### WHAT YOU HAVE TO DO
Give all the lines below again, exactly, with no pictures.

### GIVEN DATA
_ _ _ _

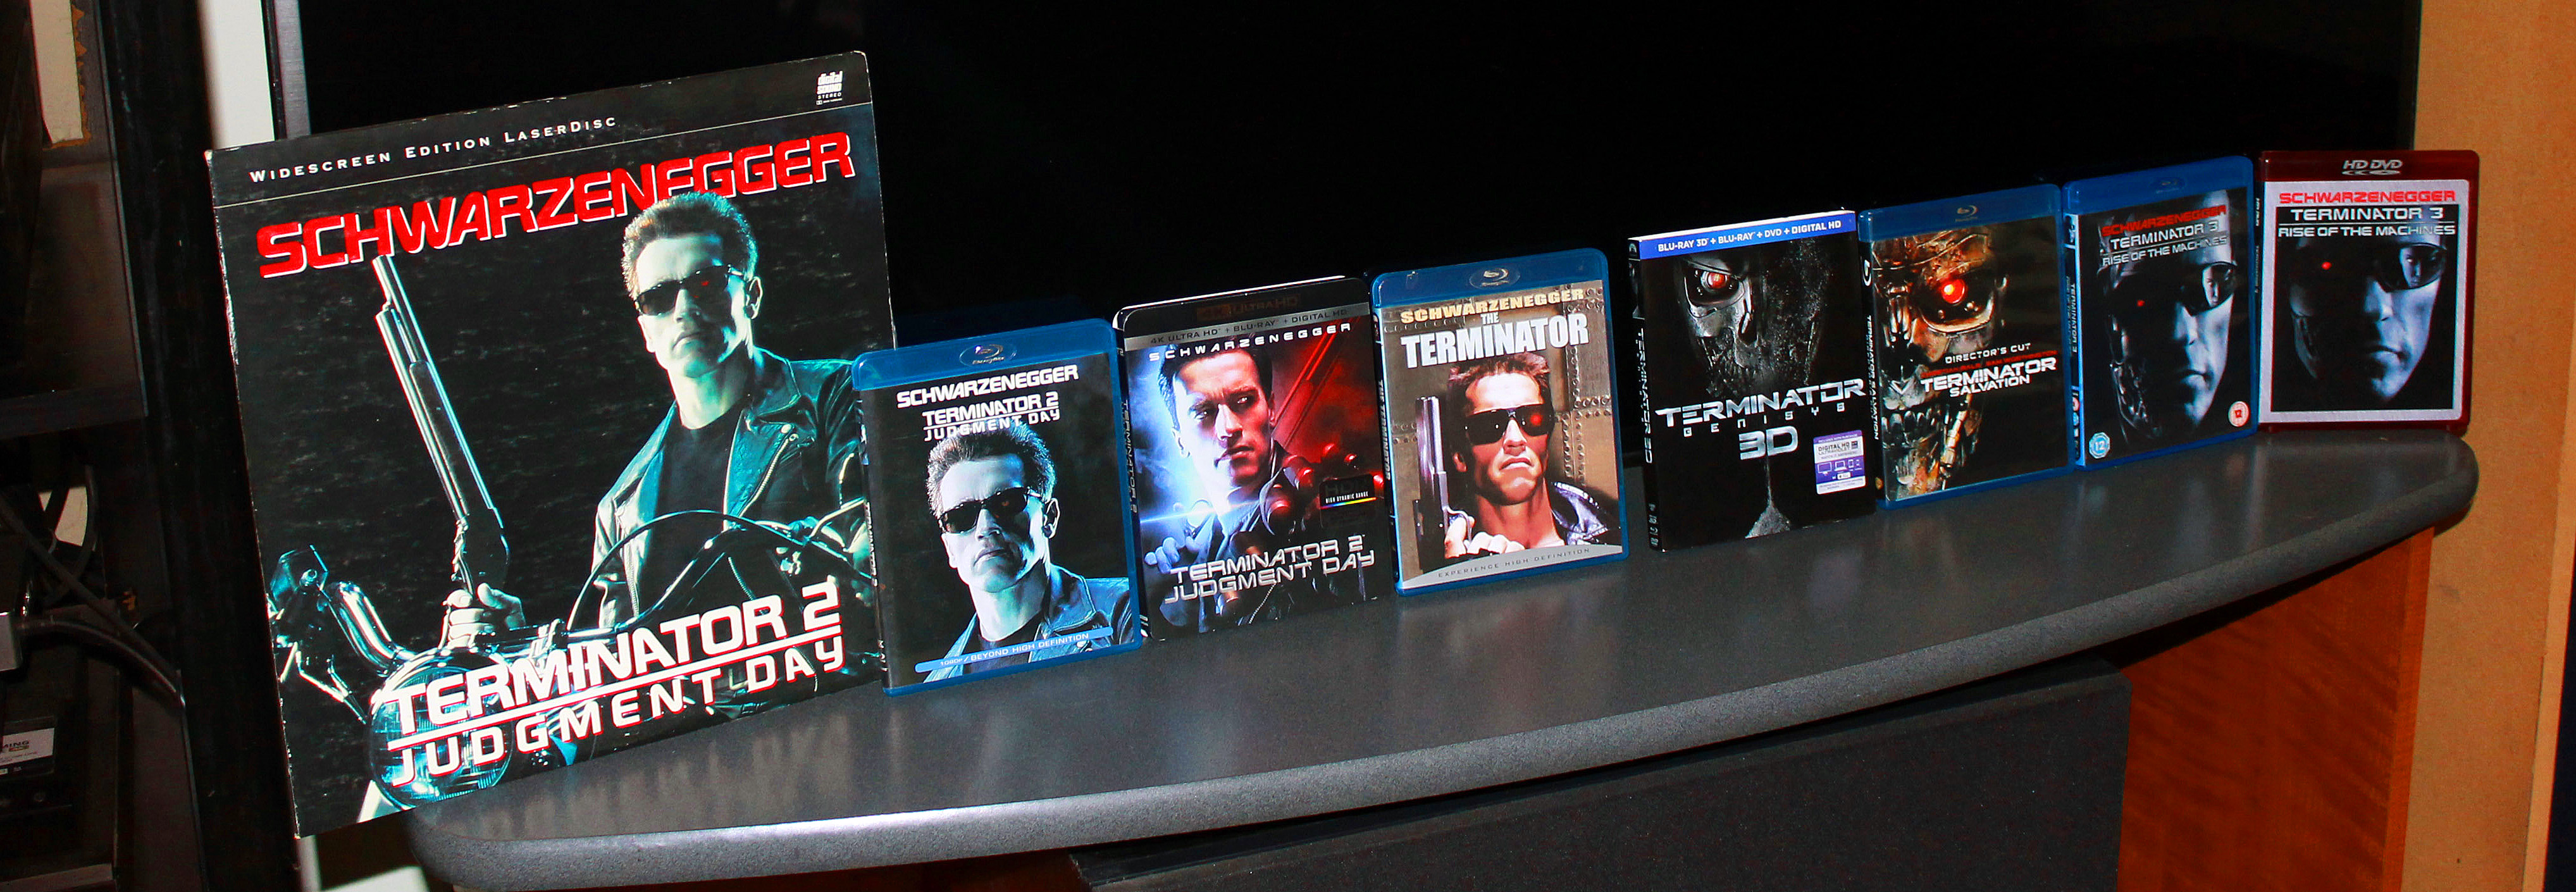 Terminator Collection_a.jpg
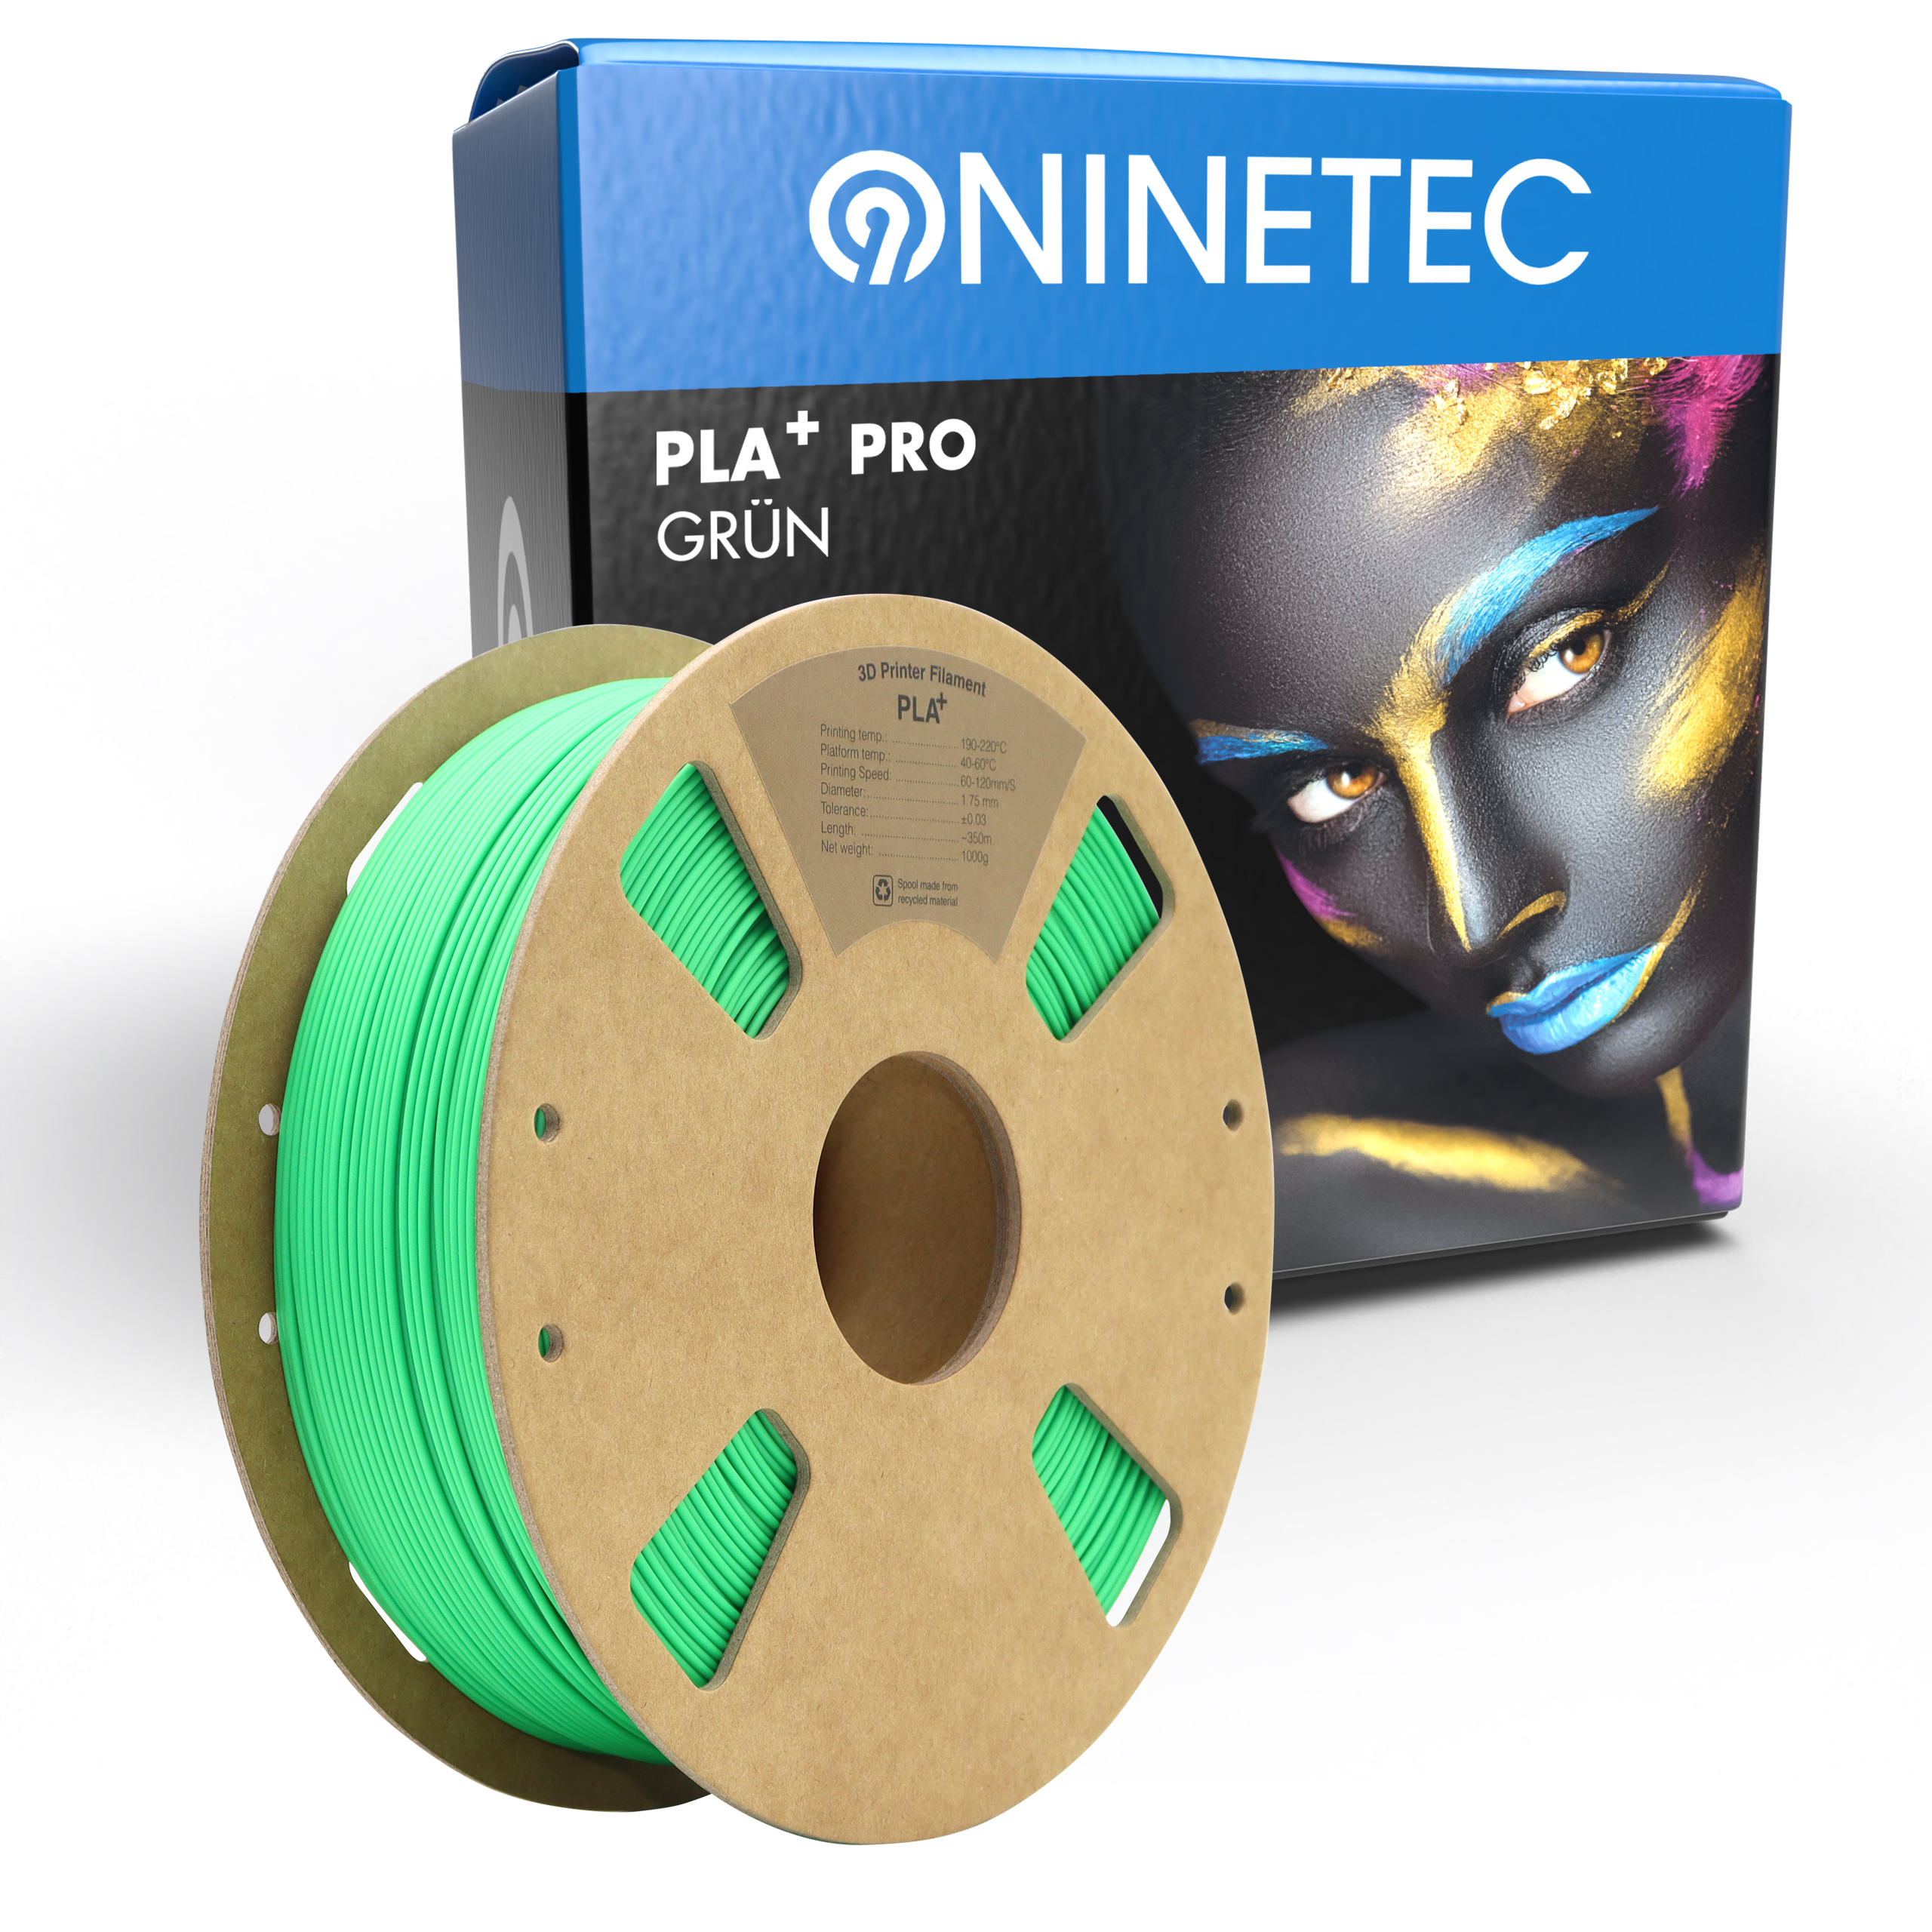 Grün PLA+ PRO Filament NINETEC
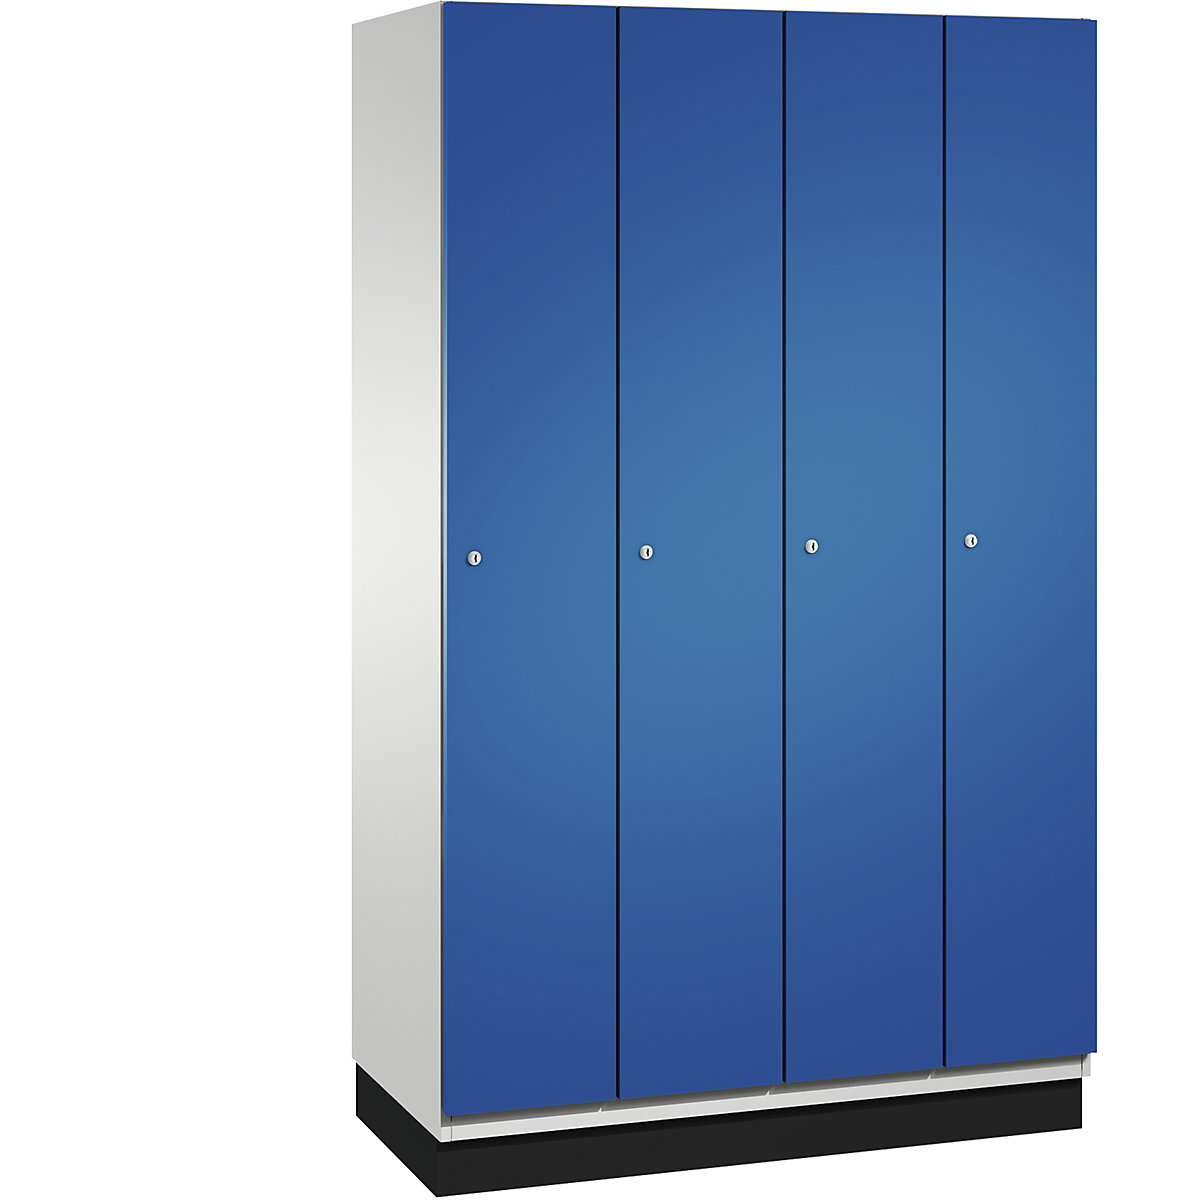 CAMBIO cloakroom locker with sheet steel doors – C+P, 4 compartments, 1200 mm wide, body light grey / door gentian blue-13

_ _ _ _

### RESULT OF THIS EXERCISE
 Terminator Collection_a.jpg
 Grün PLA+ PRO Filament NINETEC
 CAMBIO cloakroom locker with sheet steel doors – C+P, 4 compartments, 1200 mm wide, body light grey / door gentian blue-13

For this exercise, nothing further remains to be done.